Another computer had been repaired multiple times and kept off of the Internet and no contact with media or networks of any sort with other computers. It was totally standalone when recovered. nonetheless, the malware reinstalled itself after the hard drive had a high level format and reinstallation of Windows XP. It took the replacement of the hard drive and reinstallation of Windows XP to get it operating again, only to be hijacked again within a few weeks once it went back onto the Internet. This computer is also now waiting another rebuild.

Suffice it to note, despite all of the claims you see from the anti-malware software people, their products are being defeated by this new wave of ransomware. This stuff is getting into the client computers through the PDF, Flash, and other files. We do not use e-mail onthese systems, so there is no way possible for email or email attachments to have been the source of this malware. some of the client computers were used only for one or two financial applications that have no possibility of accessing any URL that could be remotely risky.

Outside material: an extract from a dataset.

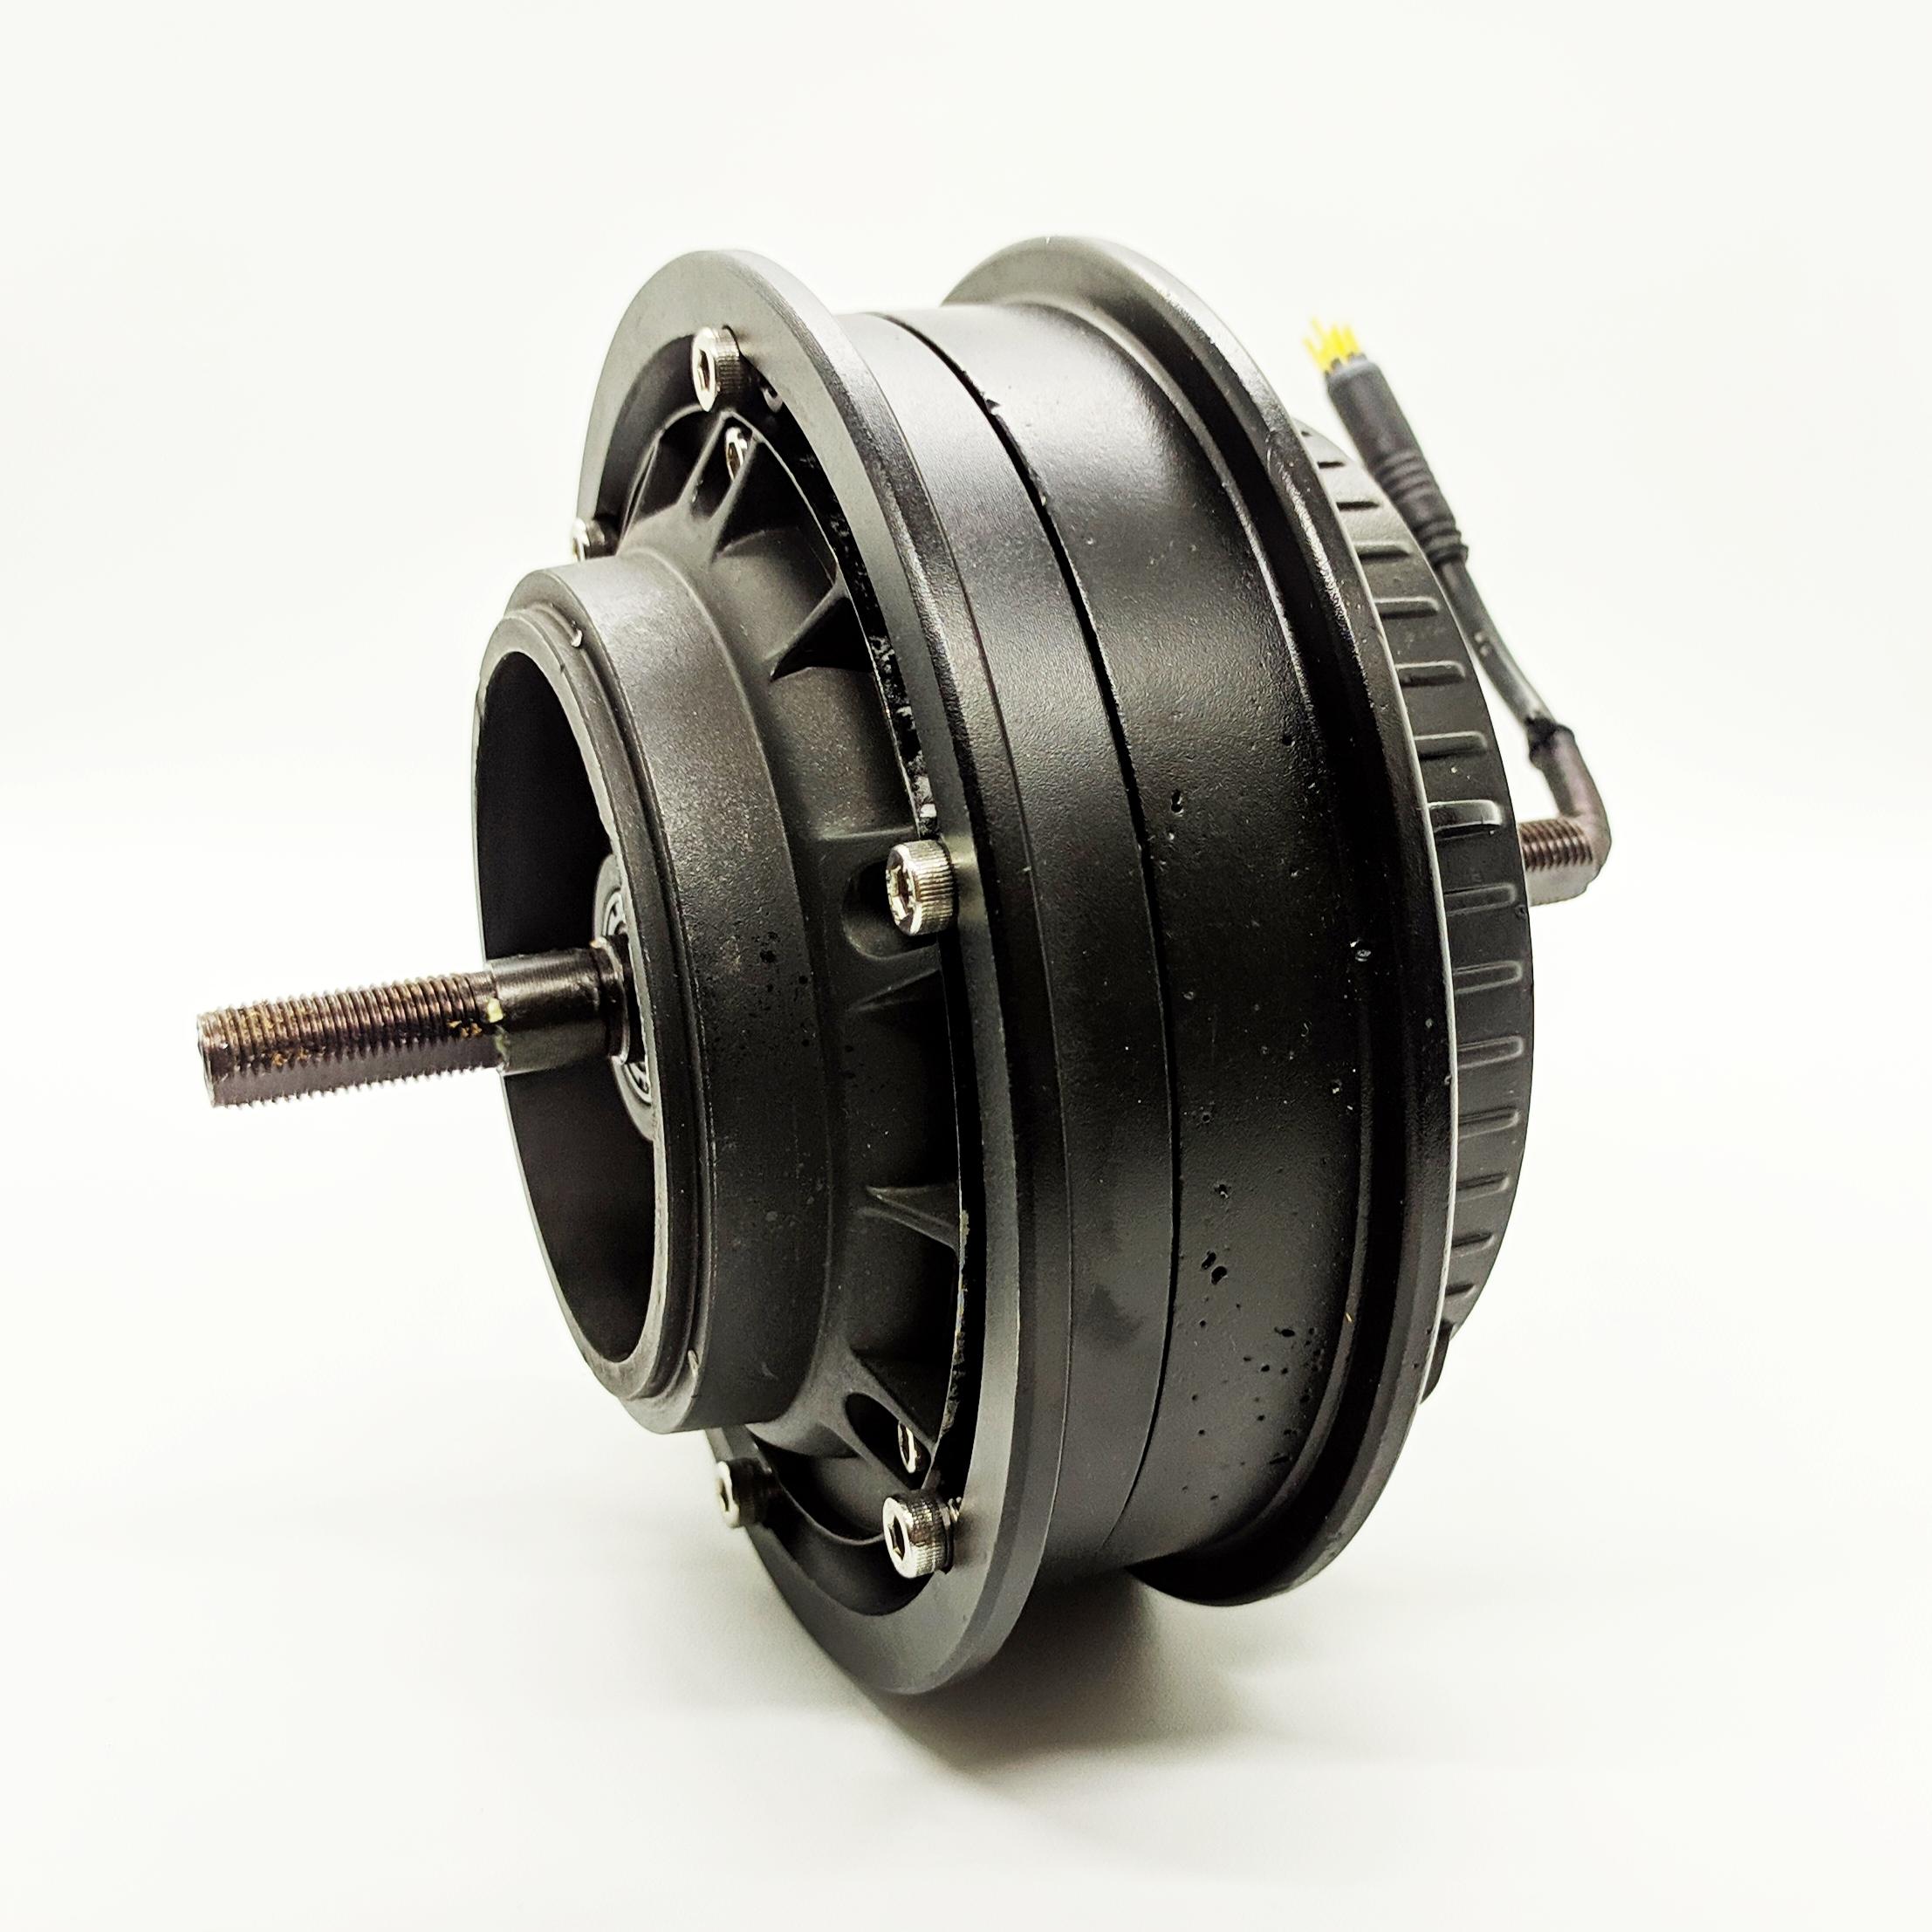 IMG 20200416 161401 - Anoa Ex+ 1000W Motor

So, the attacks must be targeted at least in part at the firewalls and not music files, Websites, or other activities that could be considered a risk.

So, be cautious. There is a lot more to these ransomware attacks than what you are seeing in the reports from the anti-malware outfits.


36 posted on 12/25/2013 7:46:30 PM PST by WhiskeyX ( provides a system for registering complaints about unfair broadcasters and the ability to request a)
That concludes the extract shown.